MA: I’d love to hear what surprised you when started to take up advocacy on malaria.
CW: I think what surprised me is how important it is to make sure we invest in people, not just in resources. The mission of Nothing But Nets is incredible — we provide these nets, which communities at risk need as a resource, but we also have to educate people about how to use the nets and what malaria actually is. It doesn’t even cost a lot of money.
I think the thing that surprised me — and the thing that I now advocate for — is that we really have to engage on a grassroots level for everything else to work.
MA: This is the third Nothing But Nets Summit that you’ve attended in the past three years. What keeps you coming back?

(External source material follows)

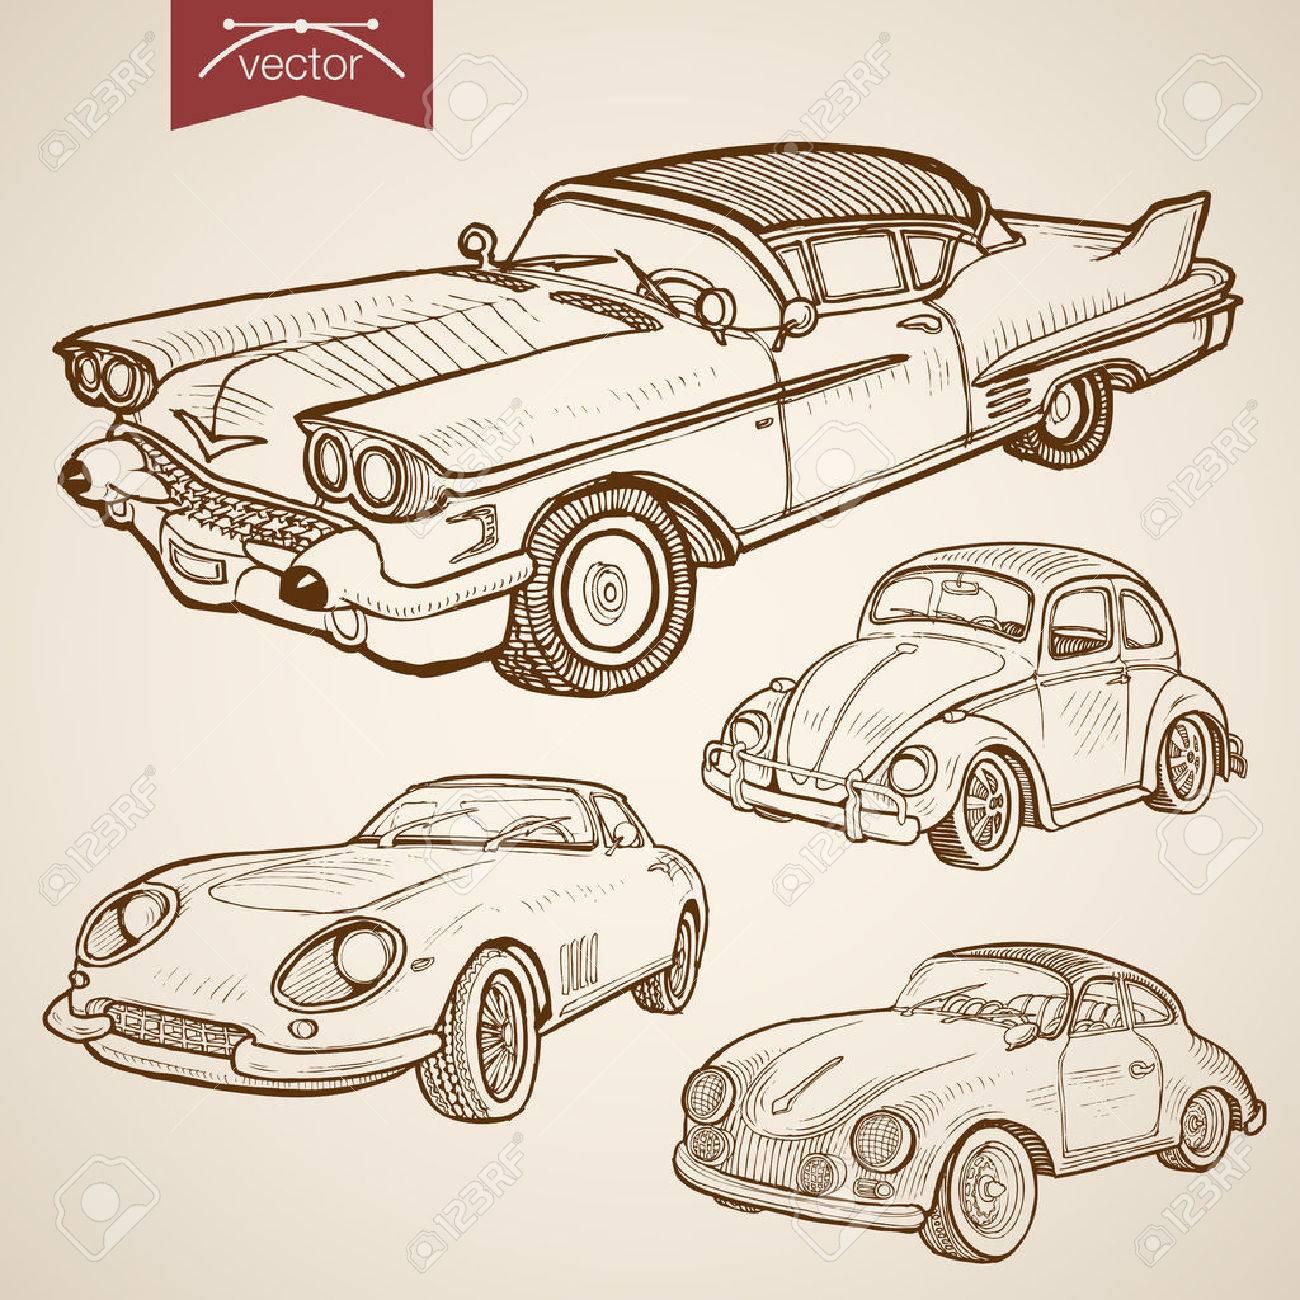 Engraving vintage hand drawn vector retro car collection. Pencil Sketch wheeled transport illustration. - 60587690

CW: I feel so grateful to be invited to come back, and I come back every time because what I love about Nothing But Nets and the United Nations Foundation is that they’re invested in young people and everyday champions. It’s the grassroots support we were talking about.
It’s not just about the top-down work from the UN. You also need advocates within communities to spread the message and make a difference. These young people are our changemakers, so if I can pass along some of my knowledge and experience, it’s the most worthwhile amount of time I could possibly spend.